Funding targeted coalition projects across the state, from fire and acoustical testing of mass timber products for use in multifamily housing, to wildfire reduction and sustainable, traceable wood harvesting in regional forests, to developing the workforce training needed for new jobs in an emerging industry. It also provided funding for the Port to begin site preparation at Terminal 2.

Transforming a longtime marine terminal this way requires a lot of planning, investment and infrastructure work before construction of new buildings can begin. We started identifying partners to help build and operate a new mass timber and housing manufacturing factory, and working with Mackenzie, a local firm, on high-level master plans to guide ongoing development.

Demonstrating mass timber’s promise for housing

2023 interior example of fully furnished mass timber home

One of our early partners was Hacienda Community Development Corporation, a local nonprofit that built six prototype homes from mass timber at T2. The Mass Casitas pilot project, funded in part by $5 million from the 2023 Oregon Legislature, not only provided homes for families in Madras, Talent, Otis and Portland. It demonstrated that mass timber modular construction can provide a quicker, more efficient and cost-effective way to build housing.

Around the same time, the Port also began leasing space to modomi, a Portland-based company specializing in sustainable modular housing, and modomi began renovating an old warehouse into a modular housing manufacturing facility.

Campus plans take shape

2024 Rendering of UO acoustics lab: modern timber building

Two years of plans started to become reality with multiple anchor tenants announced for the campus.

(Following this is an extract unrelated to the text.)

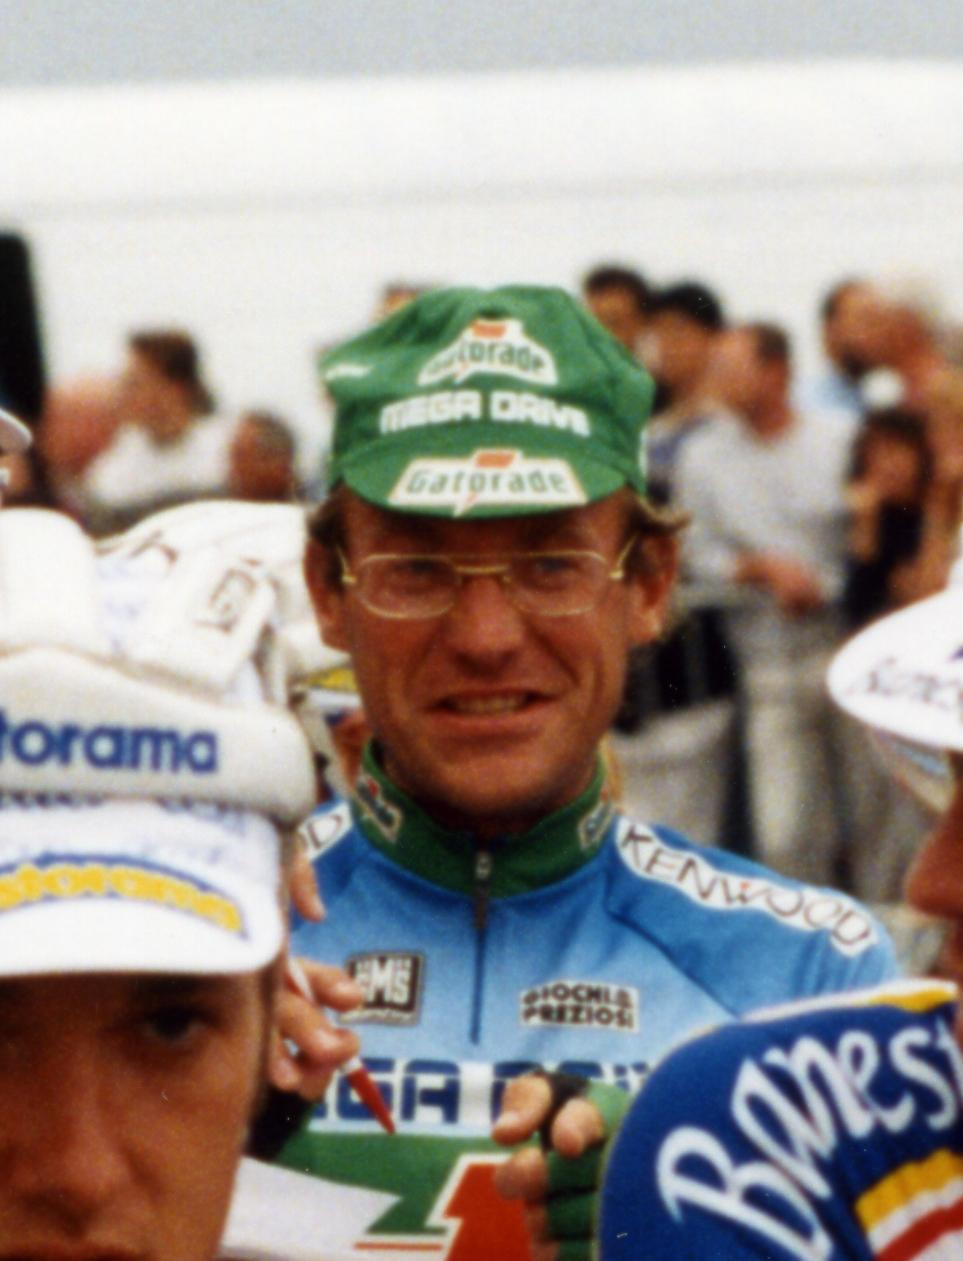 Laurent Fignon anno 1989

The Port approved leases with the University of Oregon for a new mass timber acoustics laboratory, along with Zaugg Timber Solutions, which took over the warehouse renovated by modomi to create a temporary mass timber manufacturing facility. With plans for a permanent mass timber modular factory at T2 as well, Zaugg began efforts to build an interim modular manufacturing facility and recruit for its training program in Switzerland.

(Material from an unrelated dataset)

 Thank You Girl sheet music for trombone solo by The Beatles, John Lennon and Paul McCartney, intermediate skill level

Throughout all this excitement, we continued working out costs and plans for making sure soil is stable for future construction at the campus, and securing additional federal funding for developing critical infrastructure.

What’s next

2025-2028 man in hardhat and harness working on timber building

When complete, the 39-acre Mass Timber and Housing Innovation Campus at T2 will include manufacturing, research and development, skills training, and incubator space for small and emerging businesses.

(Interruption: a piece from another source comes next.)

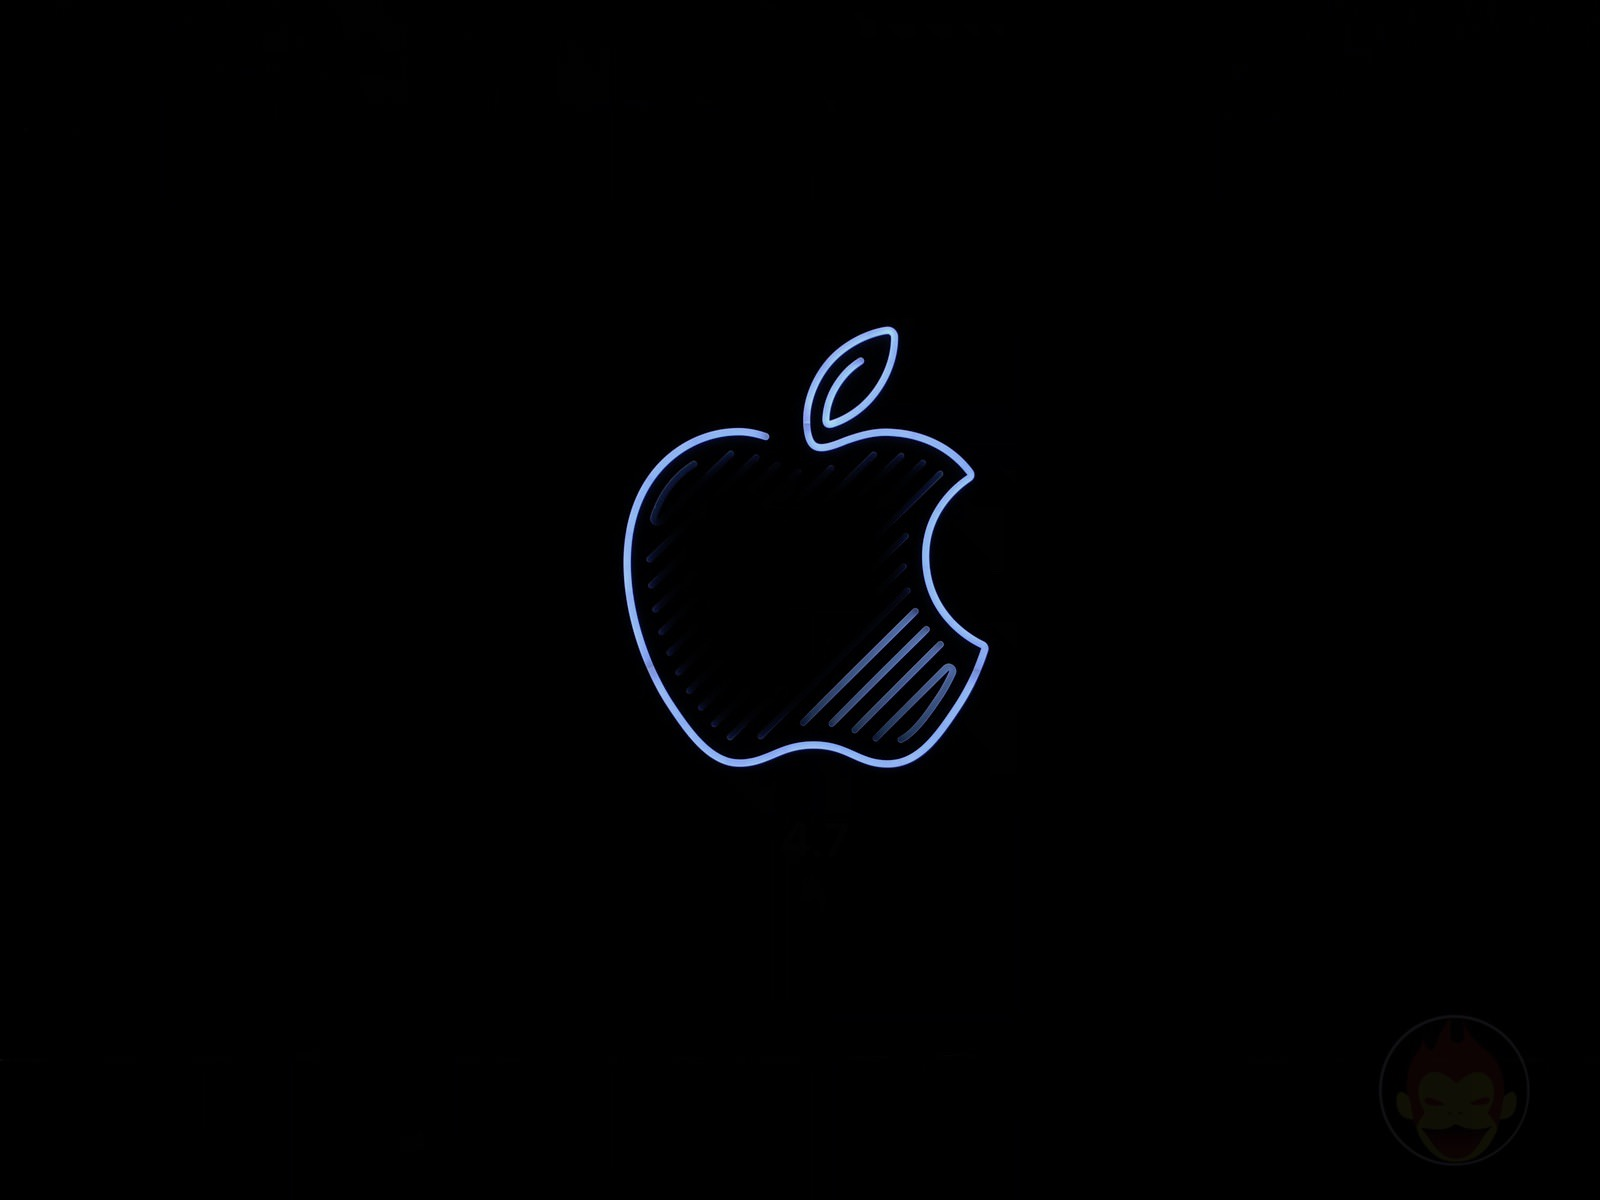 Apple-Shinjuku-After-Dark-17.jpg

In 2025-26, we’ll work on soil stabilization and critical campus-wide infrastructure improvements. We’ll also work with University of Oregon as they undergo design and permitting for their new acoustics lab – expected to begin construction in 2026 and open in 2027 – and finalize plans with Zaugg for a new, permanent mass timber modular factory to open in early 2028. Zaugg will begin producing mass timber modular housing units, industrial and commercial buildings, and prefabricated mass timber building components even sooner, as early as 2026, in their interim facility.

And we’ll continue collaborating with partners to make sure workers are prepared for the new, high-quality jobs in the emerging mass timber industry.